## Information supplied

***

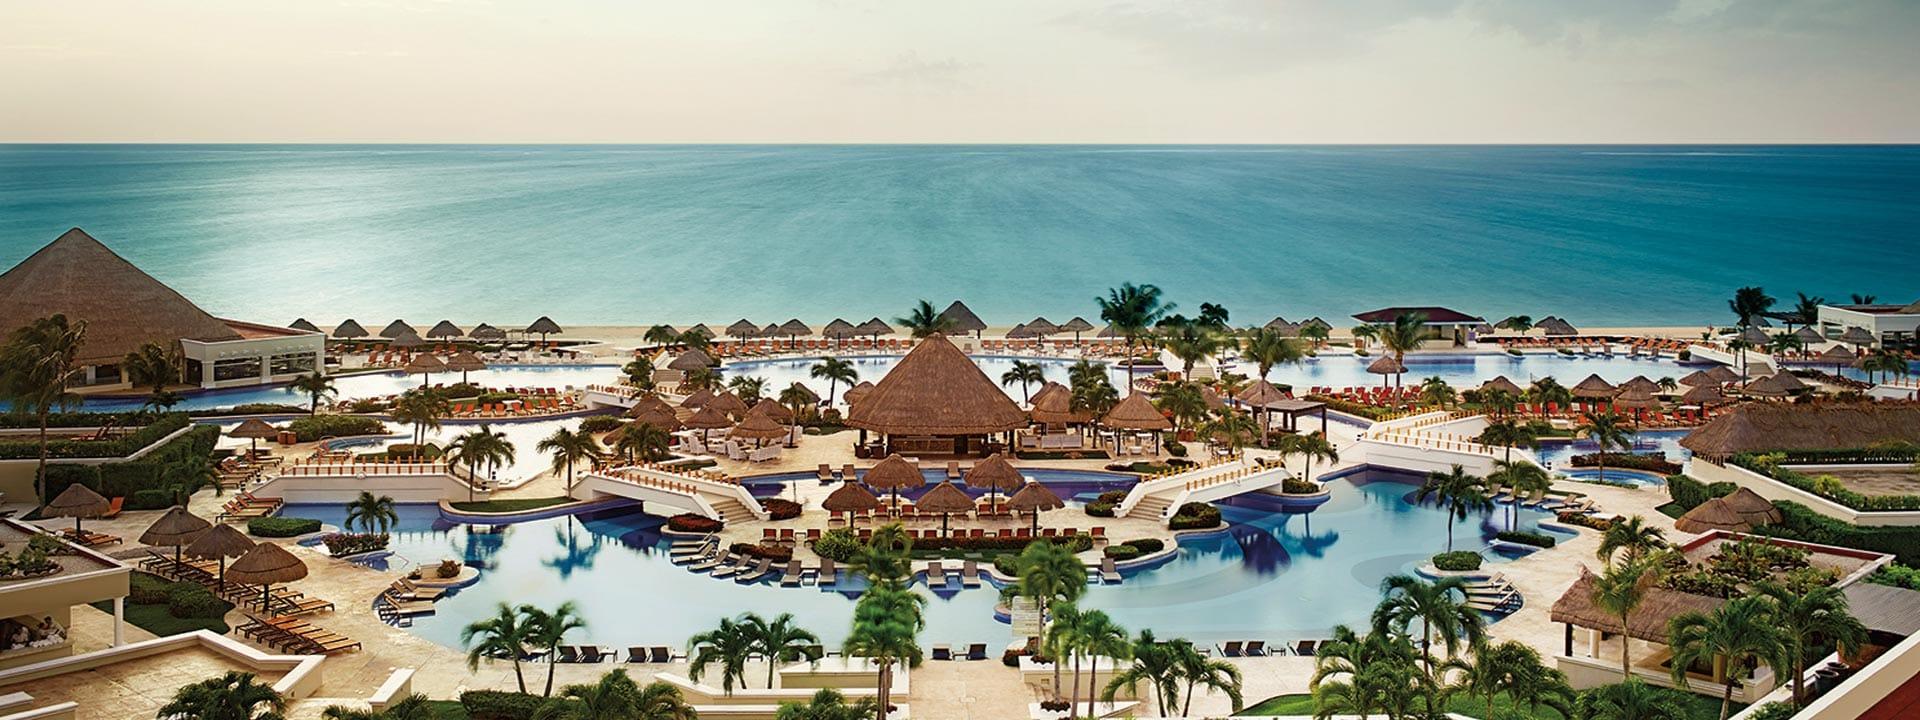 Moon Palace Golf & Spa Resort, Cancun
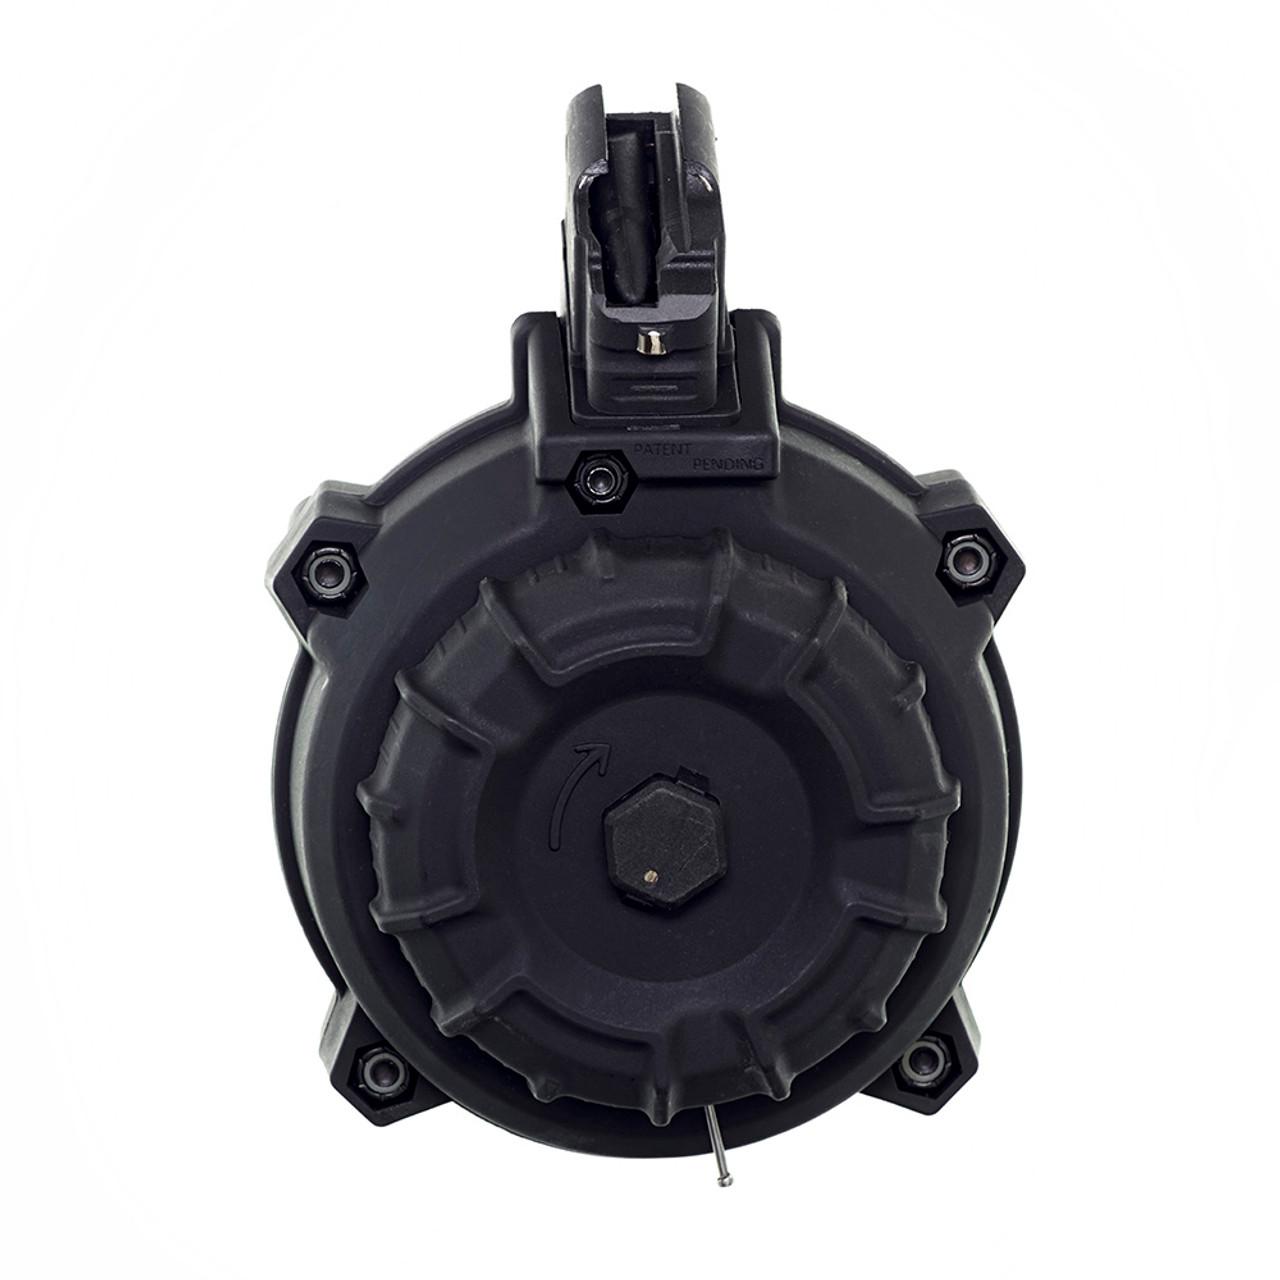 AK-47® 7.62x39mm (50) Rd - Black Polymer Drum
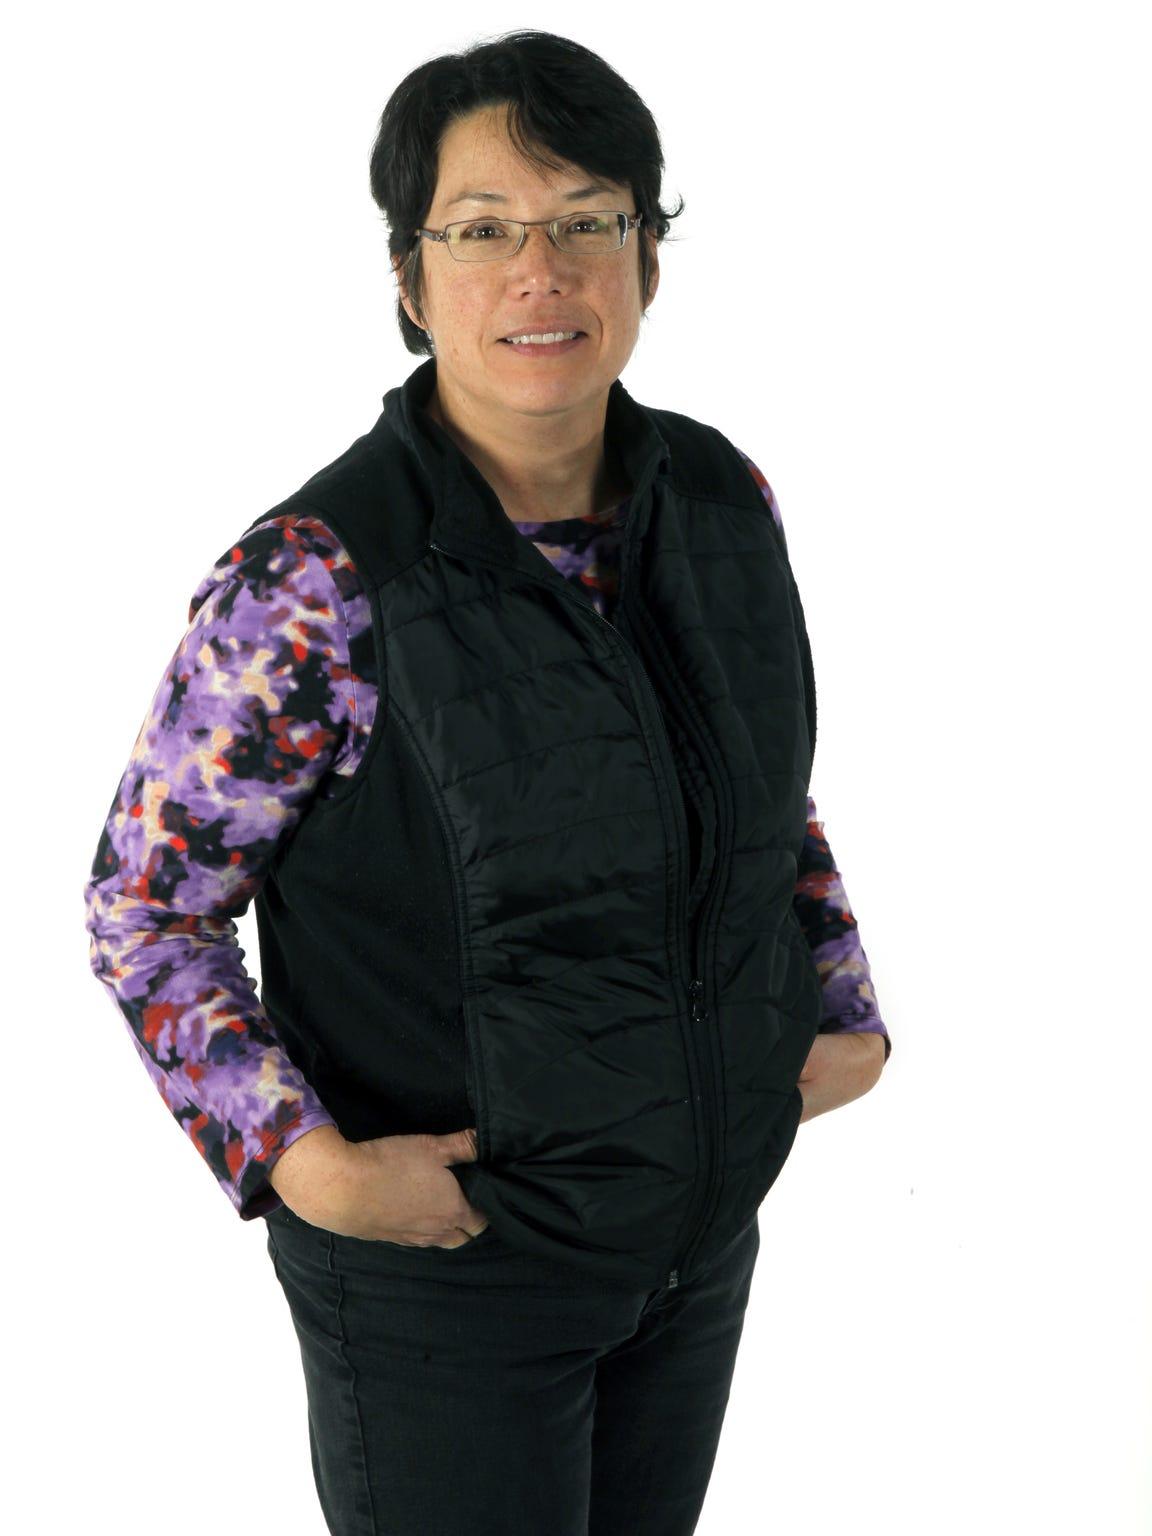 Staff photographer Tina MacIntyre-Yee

***

## Requirement
Output the data exactly, pictures omitted.

## Result below
 Moon Palace Golf & Spa Resort, Cancun
 AK-47® 7.62x39mm (50) Rd - Black Polymer Drum
 Staff photographer Tina MacIntyre-Yee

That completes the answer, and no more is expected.